# A couple Art Deco Pens



## Schroedc (Jan 30, 2014)

Earlier today I saw the beautiful pen done by @manbuckwal and I remembered I had a couple of those kits on the shelf gathering dust. I hadn't done them originally because I thought they might be a bit gaudy but after seeing his pen I changed my mind and knocked these two out.

One is a piece of Maple with some funky pins through the grain sliced on a 45 degree angle, Not really sure what to call it but it's some rock hard stuff to turn and the other is a piece of Mesquite Burl from here on WB. Finished with a few coats CA, Sanded to 1500 and polished and waxed.

C and C always welcome.

Reactions: Like 5


----------



## Kevin (Jan 30, 2014)

Bling isn't my thing, but those are actually very attractive!
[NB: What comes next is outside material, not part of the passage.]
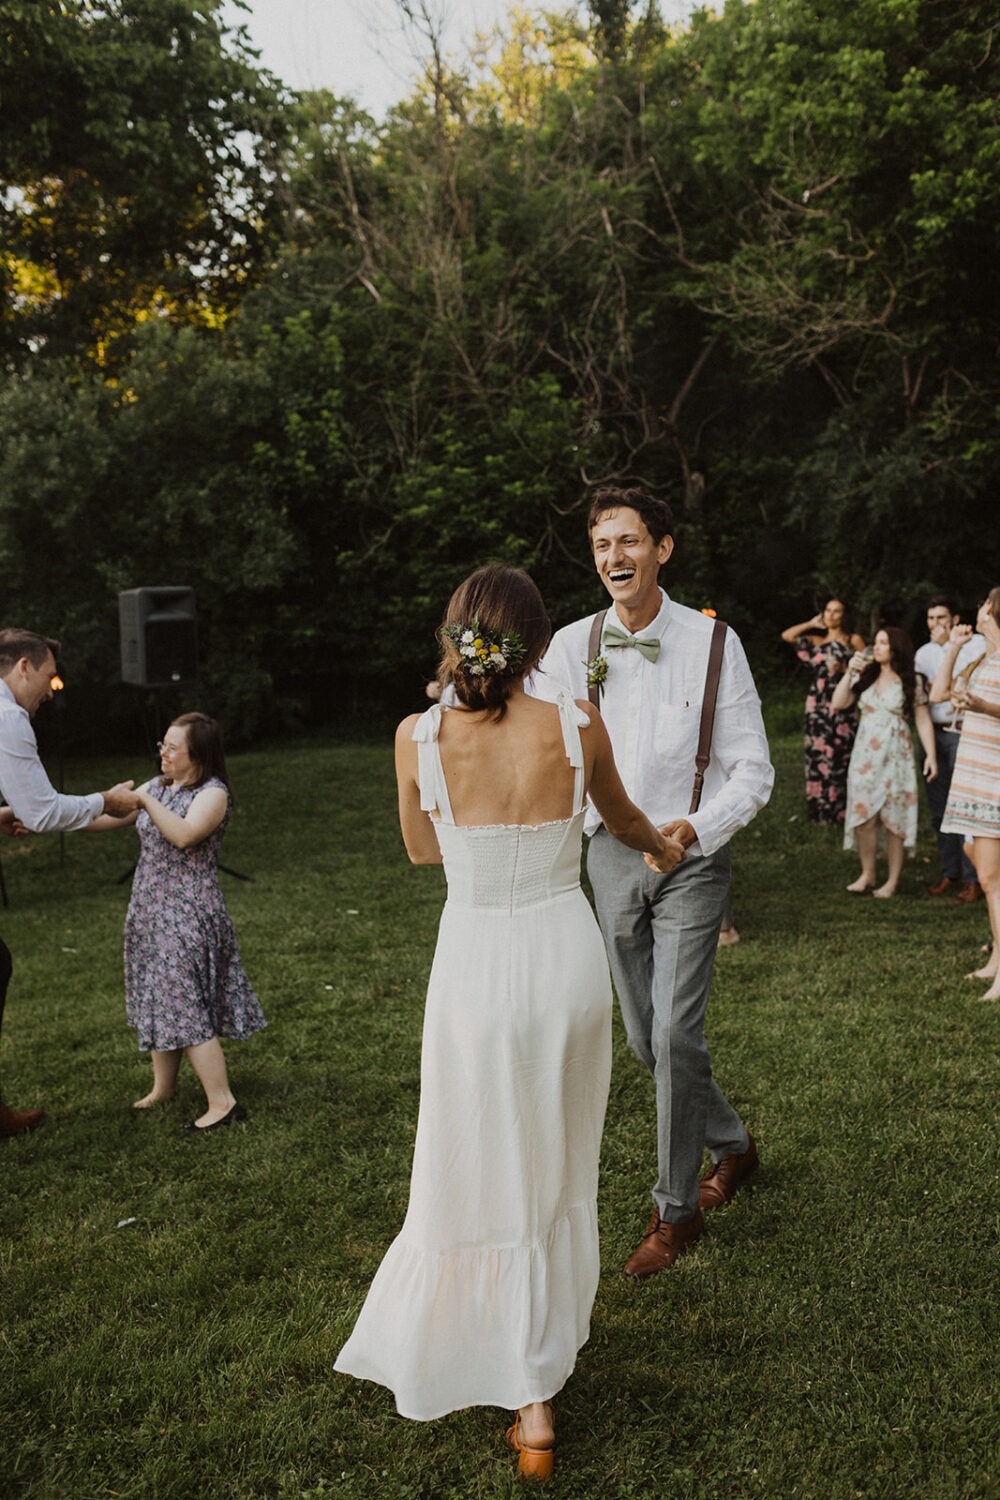 couple dances pulling from barn wedding ideas
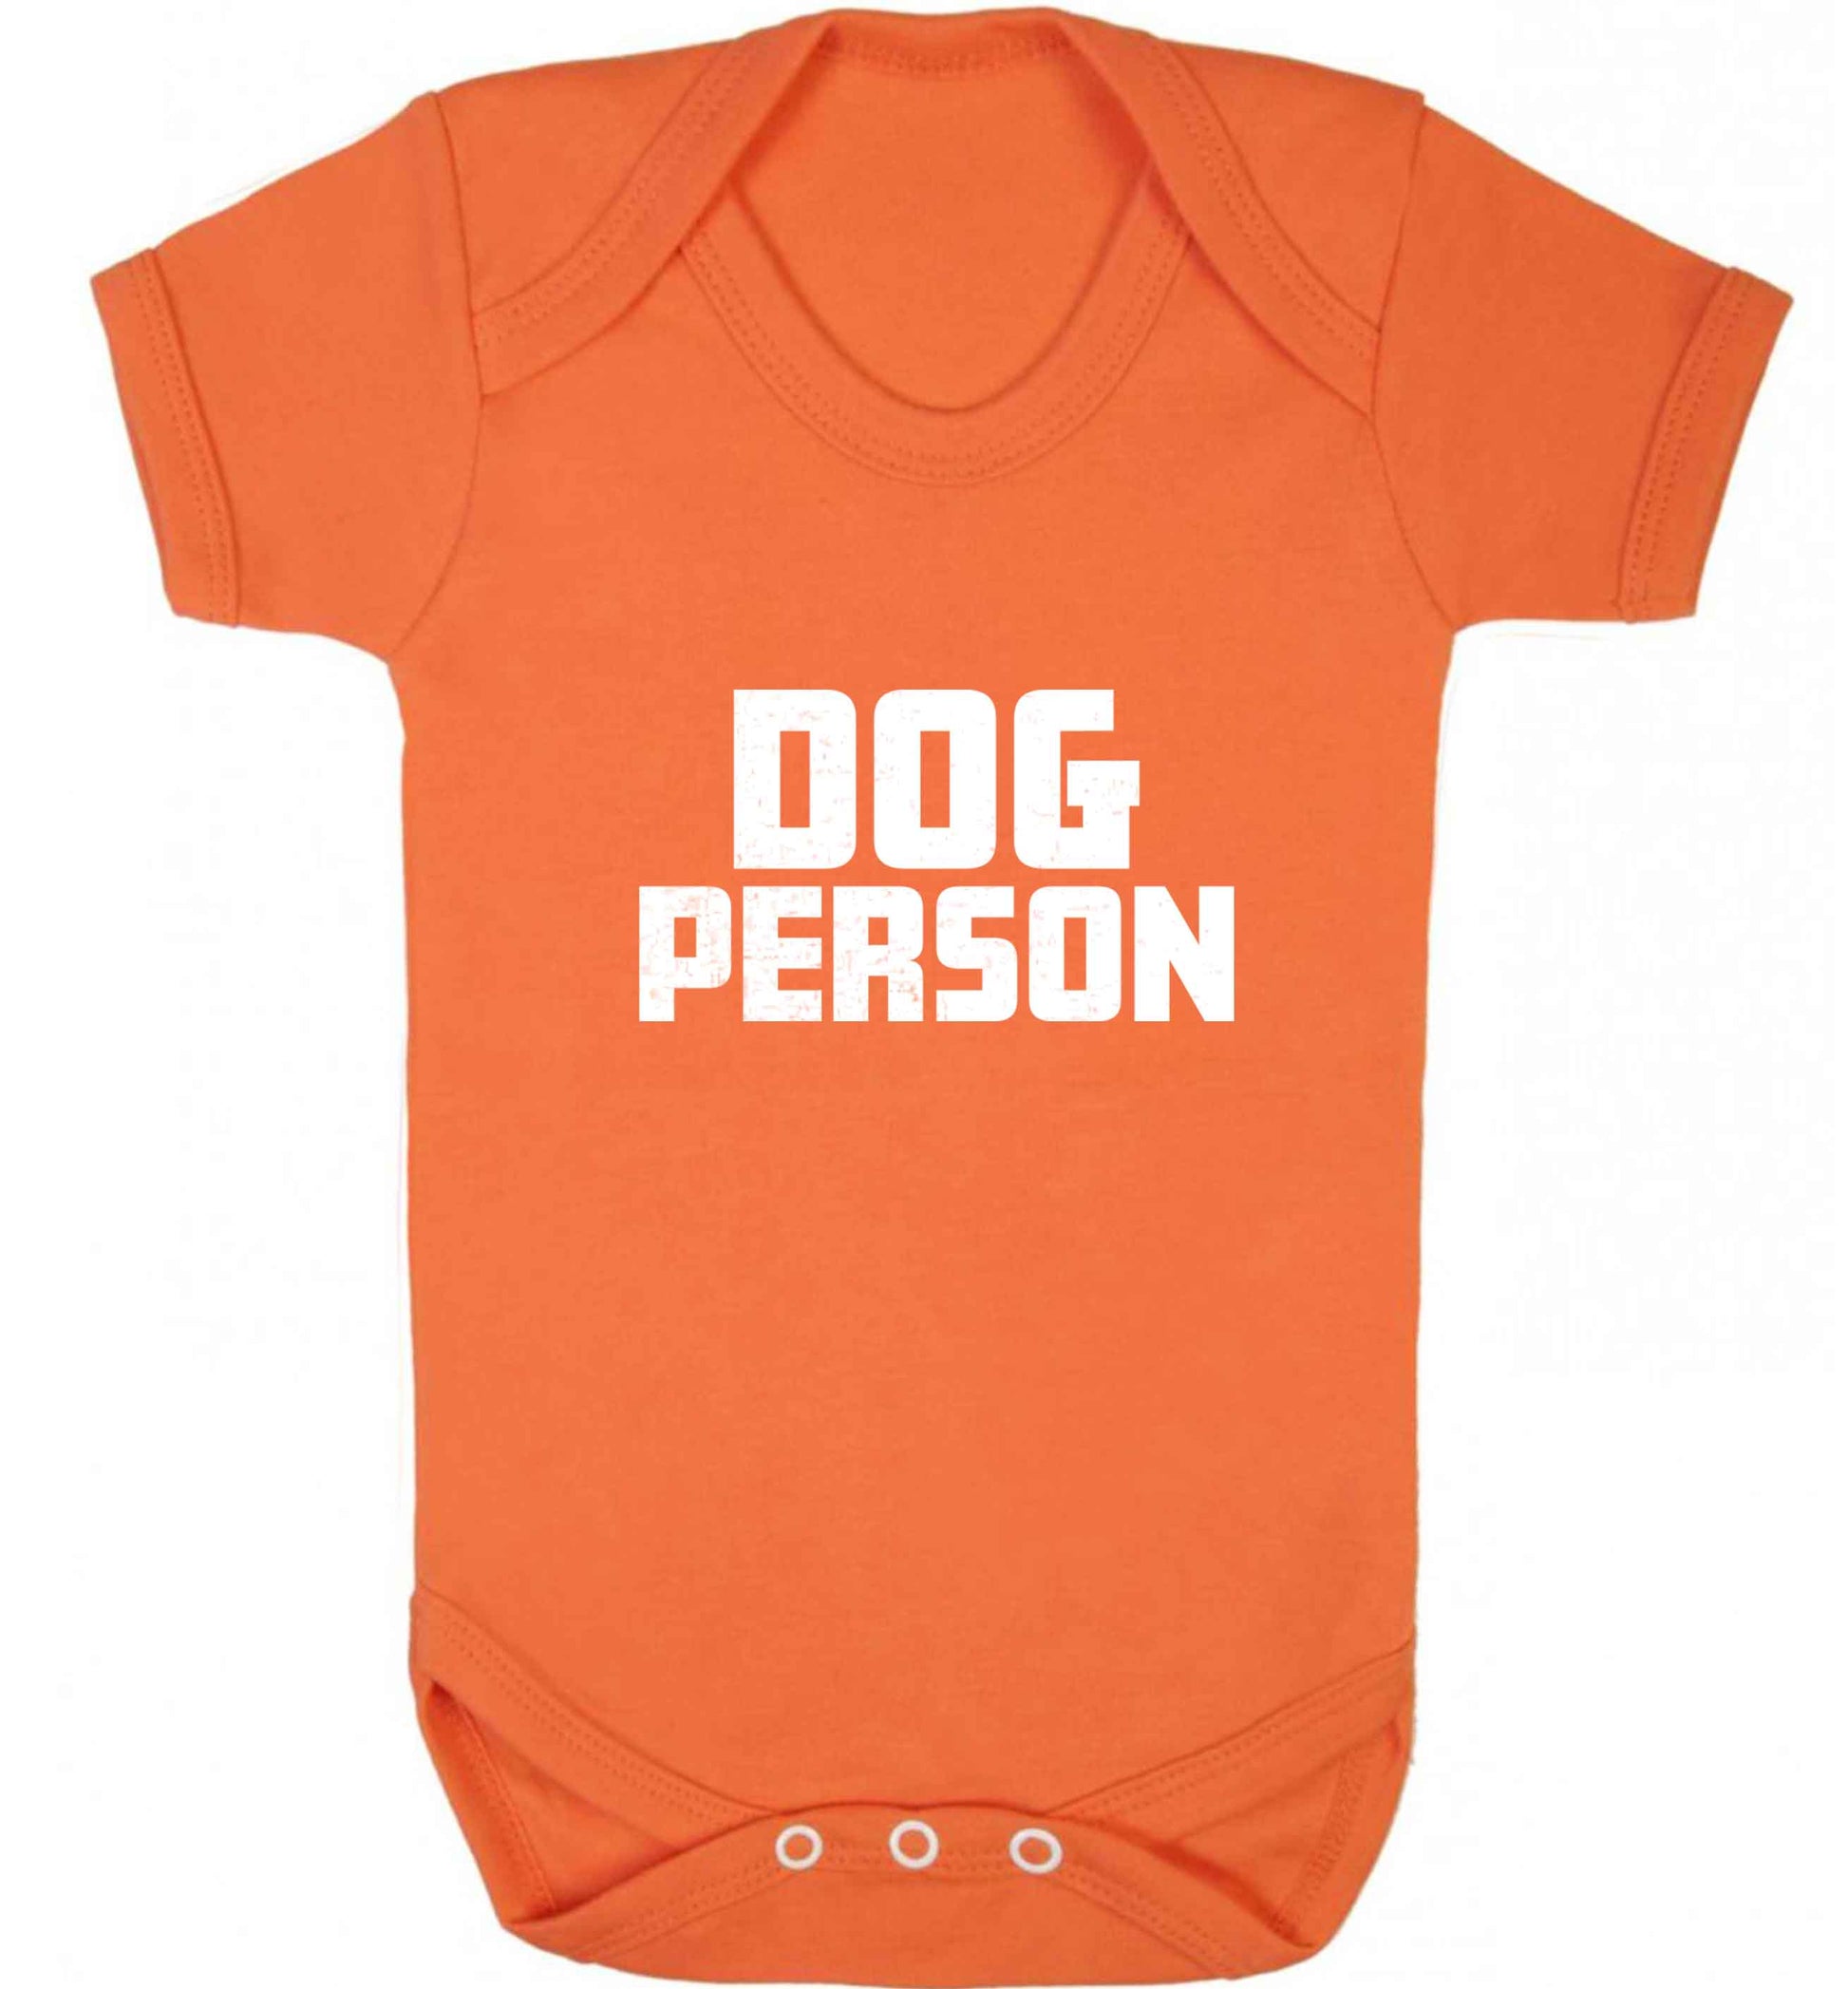 Dog Person Kit baby vest orange 18-24 months

Very nice.

Reactions: Thank You! 1


----------



## manbuckwal (Jan 30, 2014)

WOW ! Those are sweet . I'm surprised at how awesome that lighter maple looks on that kit ! Your pics are waaaaay better too

Reactions: Thank You! 1


----------



## Schroedc (Jan 30, 2014)

manbuckwal said:


> WOW ! Those are sweet . I'm surprised at how awesome that lighter maple looks on that kit ! Your pics are waaaaay better too



it's only taken me four years to get the photography part figured out


----------



## rdabpenman (Jan 30, 2014)

Too much bling for me , but you did a nice job on the timbers.
Well done.

Les

Reactions: Thank You! 1


----------



## ironman123 (Jan 30, 2014)

Maple is maple but mesquite burl is cool. Nice work.

Ray

Reactions: Thank You! 1


----------



## Schroedc (Jan 31, 2014)

ironman123 said:


> Maple is maple but mesquite burl is cool. Nice work.
> 
> Ray



Yeah, Maple is Maple but this stuff really pops in person Not sure what the deal is with the pins or streaks through it.


----------



## barry richardson (Jan 31, 2014)

Wow that was fast! That maple is a nice look for that pen, and of course who doesn't like mesquite burl...


----------